Я остановился. Я был в приалтарной части унарского нефа, огромного и невероятно пышного. Здесь уже сидели сотни две инаков. Ещё сотни, а также несколько мирян, входили с дальнего конца, торопясь занять лучшие скамьи.

Пространство между первым рядом и экраном, которое должно оставаться свободным, чтобы не закрывать инакам алтарь, было заставлено всевозможным мирским оборудованием. Перед экраном, обрамляя его, но не загораживая, высились леса из новоматерии. Дюжие фиды сколачивали на них дощатый помост: сцену, которую будет видно из дальних рядов. Другие развернули почти на всю стену над помостом огромный спиль-экран. По нему побежали строчки, затем их сменила живая трансляция со спилекапторов: увеличенное изображение сцены. Начали зажигаться прожекторы, словно говоря: «Ни в коем случае не смотри в ту сторону!» Они были установлены на высоких конструкциях по бокам от сцены. Мимо меня прошла суура в стле и хорде, говоря в прикреплённый к наушникам микрофон.

Моё имя выкрикнул молодой иерарх, единственной задачей которого было препроводить меня к некоему фраа Лодогиру, инаку лет семидесяти, чьё одеяние ушло в эволюционном развитии от стлы также далеко, как домашняя птица — от доисторической рептилии.

— Фраа Раз, мой дорогой юный друг! — воскликнул тот, не дожидаясь, пока нас официально представят. — У меня нет слов, чтобы выразить, как мне понравилось твоё выступление. Где ты отыскал такую милую песенку? В своих скитаниях?

— Спасибо, — ответил я. — Я услышал её в Орифене и не мог выбросить из головы.

— Потрясающе! Расскажи мне, какие они, тамошние обитатели?

— В целом такие же, как мы. Сперва они показались мне совсем другими, но чем больше я смотрю на разных инаков здесь…

— О да, я тебя понял! — воскликнул фраа Лодогир. — Эти аборигены в набедренных повязках — с какого дерева они слезли?

Я не стал говорить, что сам фраа Лодогир выглядит для меня ещё диковиннее «аборигенов», и просто кивнул.

— Тебе уже объяснили, что ты будешь почётным гостем пленария?

— Сказали, но не объяснили.

Фраа Лодогир немного растерялся от моей манеры отвечать, но после недолгой паузы продолжил:

— Так вот, если совсем коротко, я буду твоим сокурсантом.

— Кем, простите?

— СоДИСкурсантом, — пояснил фраа Лодогир, пряча раздражение за негромким смешком. — А вы, эдхарцы, куда педантичнее в произношении! Молодцы, блюдёте традиции! Скажи, вы по-прежнему говорите «просветитель»? Или «светитель», как мы все?

— «Светитель», — ответил я. Фраа Лодогир говорил за двоих, и я счёл, что вполне могу ограничиться короткими репликами.
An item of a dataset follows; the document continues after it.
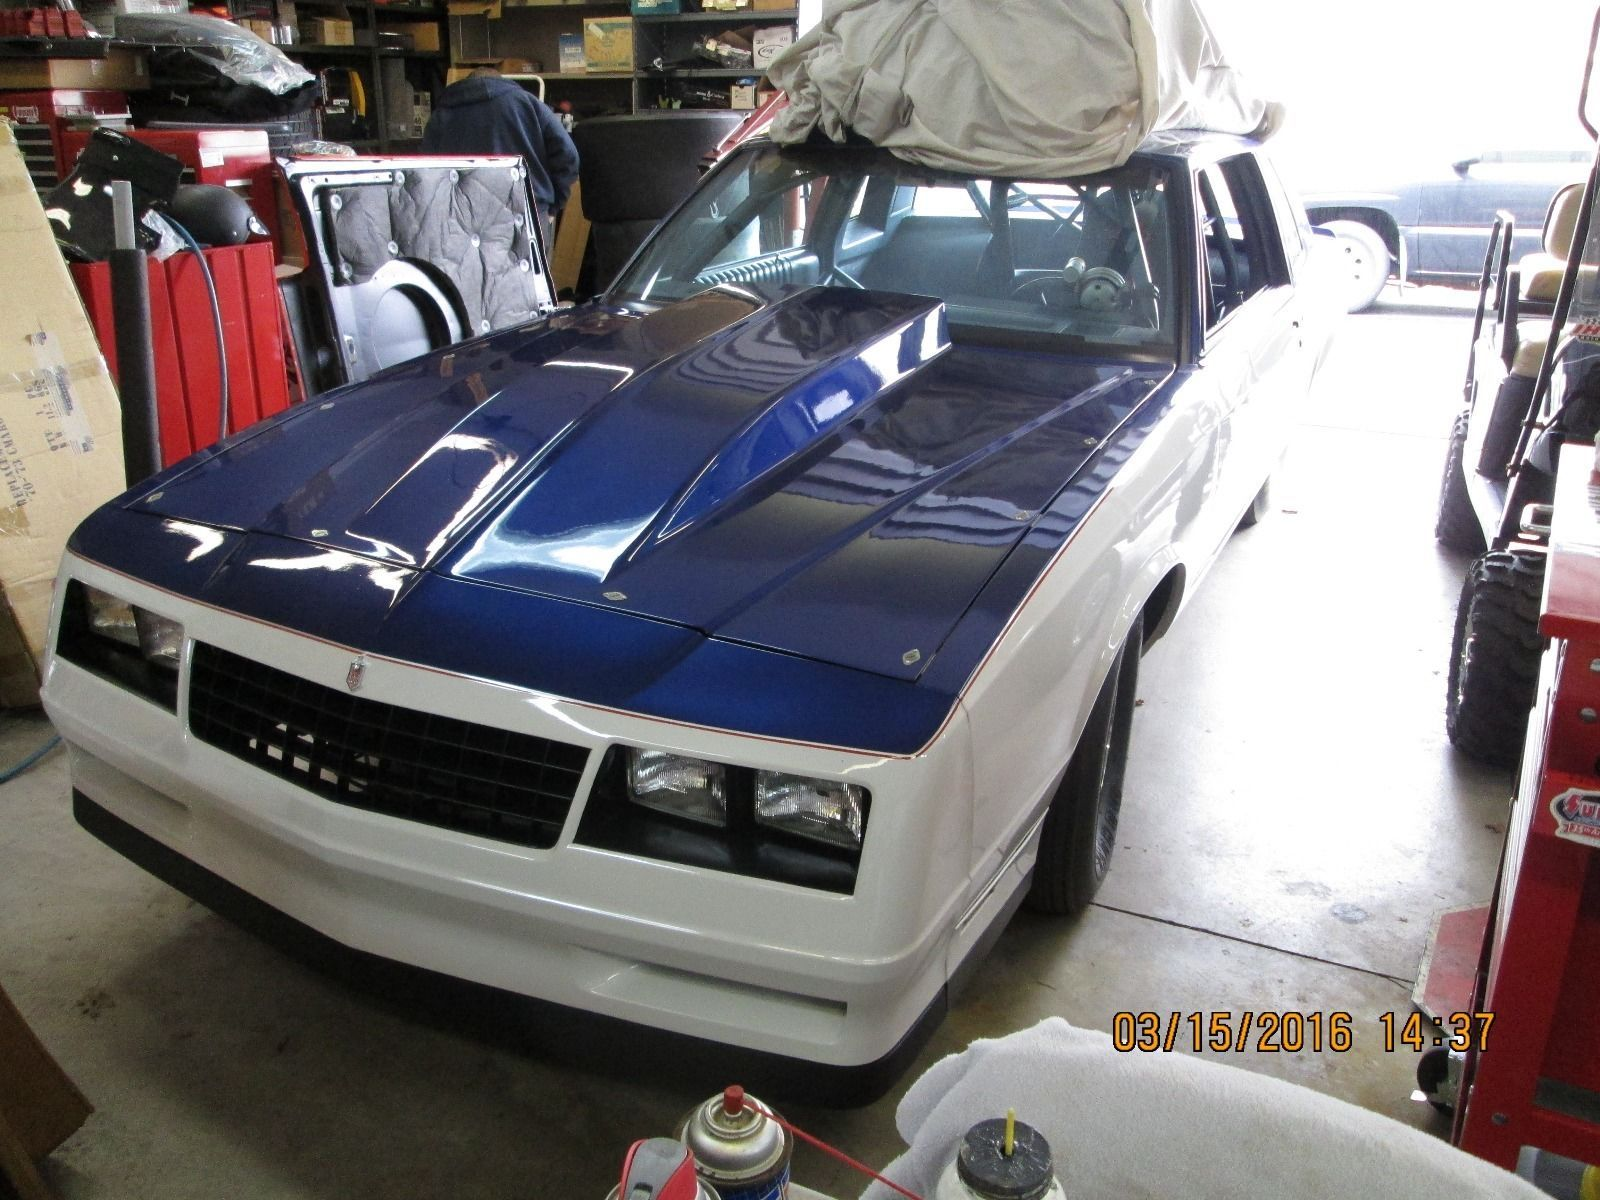 1984 Chevrolet Monte Carlo SS Race Car | Race cars for sale ...

— Отлично! Так вот, суть в том, что конвокс пережёвывает цифры, анализирует образцы, смотрит спили Посещения Орифены, но нам небезынтересно, разумеется, послушать очевидца. Вот почему ты здесь. Чтобы тебе не утруждаться и не готовить лекцию, мы прибегнем к формату живого диалога. У меня с собой, — он зашуршал стопкой листов, — вопросы от разных заинтересованных сторон, а также несколько моих собственных, которые я хотел бы задать, если позволит время.

Пока длился этот диалог, вернее, монолог, закончились последние приготовления. К сцене подкатили лестницу, суура в наушниках указала нам на неё, и мы поднялись — я первый, фраа Лодогир следом. К нашим стлам прикрепили микрофоны. Из мебели на сцене был только столик в дальнем конце — на него поставили графин с водой и две кружки. Почему-то я нисколько не волновался и не думал, что буду говорить, а размышлял о странной конструкции, на которой мы стояли. Кусок плоскости, помещённый в трёхмерную пространственную решётку, словно фантазия геометра; осовремененный вариант той Плоскости, на которой вели диалоги эфрадские философы.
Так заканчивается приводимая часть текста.